Silvestro Scotti, segretario generale della Federazione dei medici di famiglia, sulla protresta in programma il 1° e il 2 marzo: “Iniziativa poco opportuna in questo momento”.
Cresce il disagio dei camici bianchi sul territorio e si concretizza in una prima protesta: uno sciopero proclamato per il 1° e il 2 marzo con la chiusura degli ambulatori da parte delle sigle Smi e Simet. Le ragioni sono molteplici. Si va dai carichi di lavoro definiti ormai insostenibili agli adempimenti burocratici legati alla pandemia, che richiedono sempre più tempo, sottraendo spazio al contatto con i pazienti. Senza dimenticare gli episodi di violenza sempre più frequenti e il rammarico per l’ultimo “schiaffo” ricevuto, ovvero lo stop del Senato ai ristori per le famiglie dei medici morti per Covid.
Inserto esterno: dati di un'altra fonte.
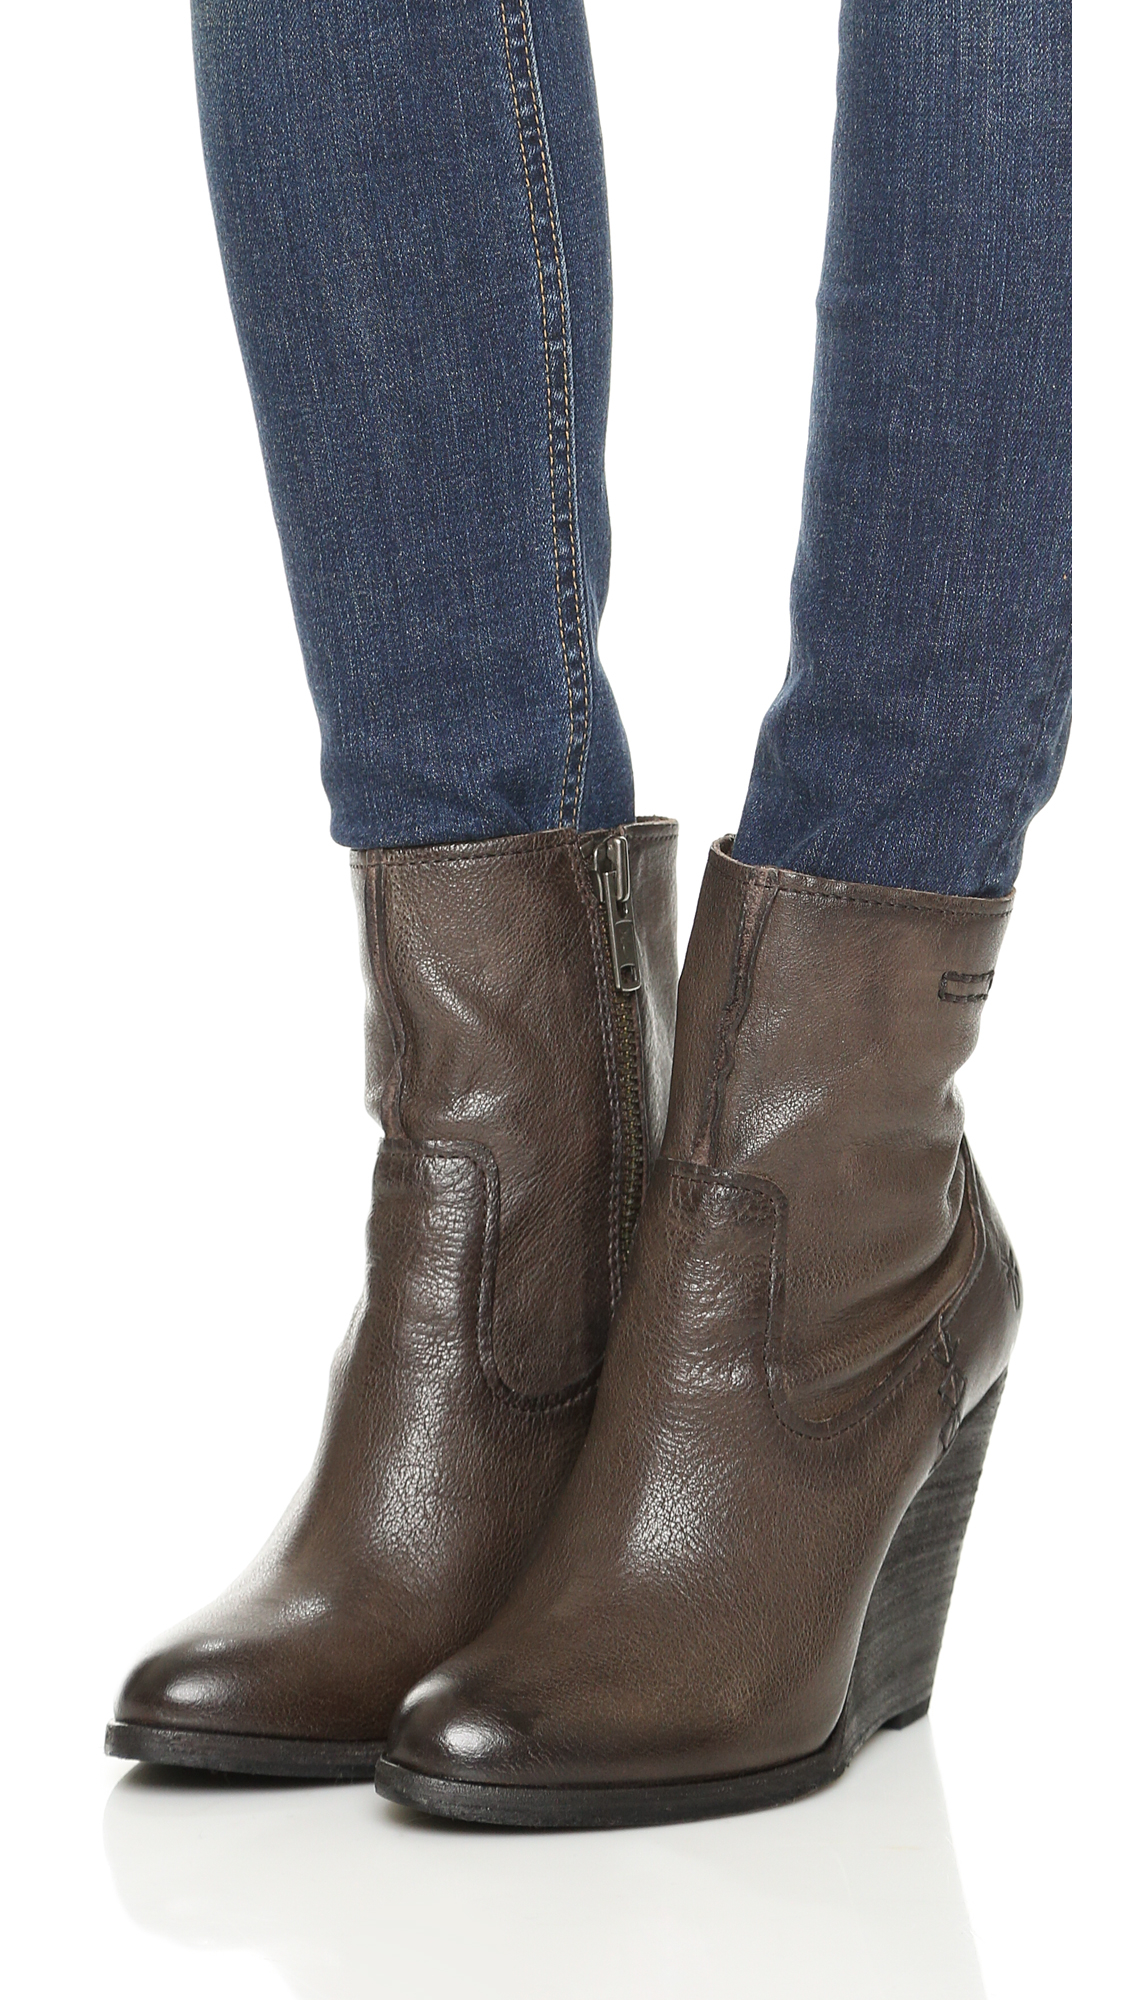 ebd8cae3569 Lyst - Frye Cece Artisan Short Wedge Booties in Gray

L’iniziativa è giudicata però inopportuna dalla Federazione dei medici di famiglia (Fimmg), mentre mantengono lo stato di agitazione i sindacati Fp Cgil e Snami. Lo sciopero indetto da Smi e Simet riguarderà circa 4mila medici di base, continuità assistenziale, del 118 e ambulatoriali aderenti alle due sigle, che hanno convocato una manifestazione a Roma per il 2 marzo. Il malessere della categoria, denunciano i due sindacati, “è palpabile: carichi di lavoro insostenibili, mancanza di tutele, burocrazia aberrante e, non ultimo, il mancato indennizzo alle famiglie dei colleghi deceduti per Covid”.
E ancora: “Scioperiamo anche perché vi è la necessità che vi siano più medici sul territorio: a oggi, nel nostro Paese, sono più di 3 milioni i cittadini senza medico di famiglia. Le postazioni di guardia medica, o vengono chiuse o accorpate per mancanza di personale. Le ambulanze del 118 sono senza medico a bordo”. E anche lo stato di agitazione dei medici di medicina generale e dei pediatri di libera scelta della Fp Cgil non si ferma: “È necessario costruire una mobilitazione ampia e partecipata su tutto il territorio nazionale”, sottolinea il sindacato.
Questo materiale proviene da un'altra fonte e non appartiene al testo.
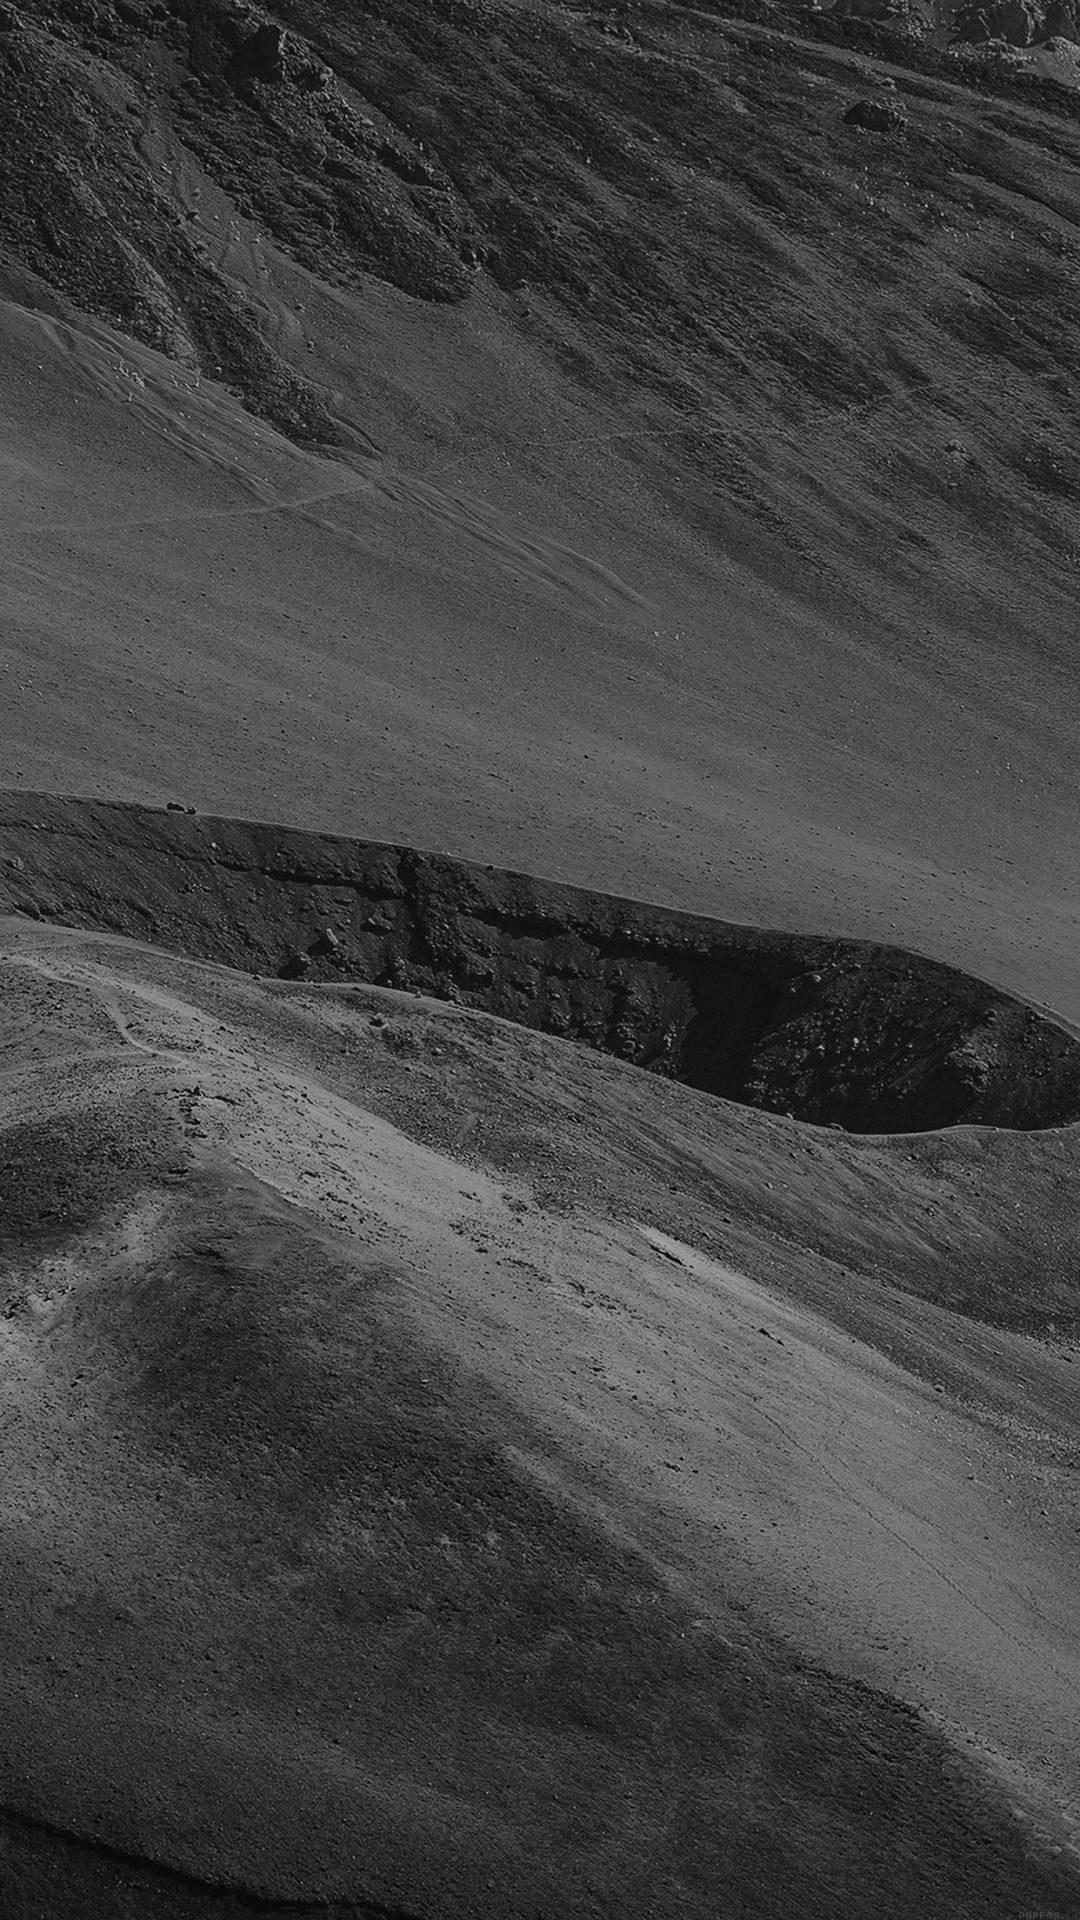 Crater Mountain Dark Bw Nature

Concorda sulle motivazioni del malessere, ma non sull’opportunità di uno sciopero in questo momento, invece, la Fimmg. “Uno sciopero non concordato e fatto in un periodo di stato di emergenza per l’epidemia da Covid-19 danneggia solo il cittadino – afferma all’Ansa il segretario generale Silvestro Scotti –. Penso che si sarebbero dovute trovare forme di protesta congiunte mirate a evidenziare, e non a scaricare suoi cittadini, il disagio della categoria medica. Ovviamente siamo d’accordo sulle motivazioni, ma non è il momento di scioperare, e ci meraviglia che i soggetti preposti al controllo delle iniziative di sciopero non intervengano”.
Scotti ricorda, inoltre, come nel contratto dei medici vigente sia previsto che “in caso di avvenimenti eccezionali gli scioperi si intendono sospesi e lo stato di emergenza per la pandemia è in vigore fino al 31 marzo”. Quanto ai numeri dello sciopero proclamato, afferma sempre Scotti, “potrebbe riguardare fino a un medico su dieci di area convenzionata: i sindacati Smi e Simet contano circa 4mila iscritti”. La Fimmg, ricorda, “conta 21mila iscritti, su un totale di circa 34.700 medici iscritti a sigle sindacali, ai quali si aggiungono altri 8mila medici circa non sindacalizzati”.
A denunciare l’insoddisfazione dei camici bianchi è anche Filippo Anelli, presidente della Federazione nazionale degli Ordini dei medici (Fnomceo): “C’è un forte disagio, che i sindacati medici interpretano in maniera diversa, pur essendo tutti d’accordo sulle motivazioni di base. I medici sono in sofferenza per il mancato potenziamento della medicina del territorio. Conseguenza di ciò è che sui medici di base si accumula una serie di carichi di lavoro impropri. Basti pensare alla mole di lavoro per l’attivazione dei Green Pass. Ora chiediamo una sola cosa: fateci tornare a fare i medici”.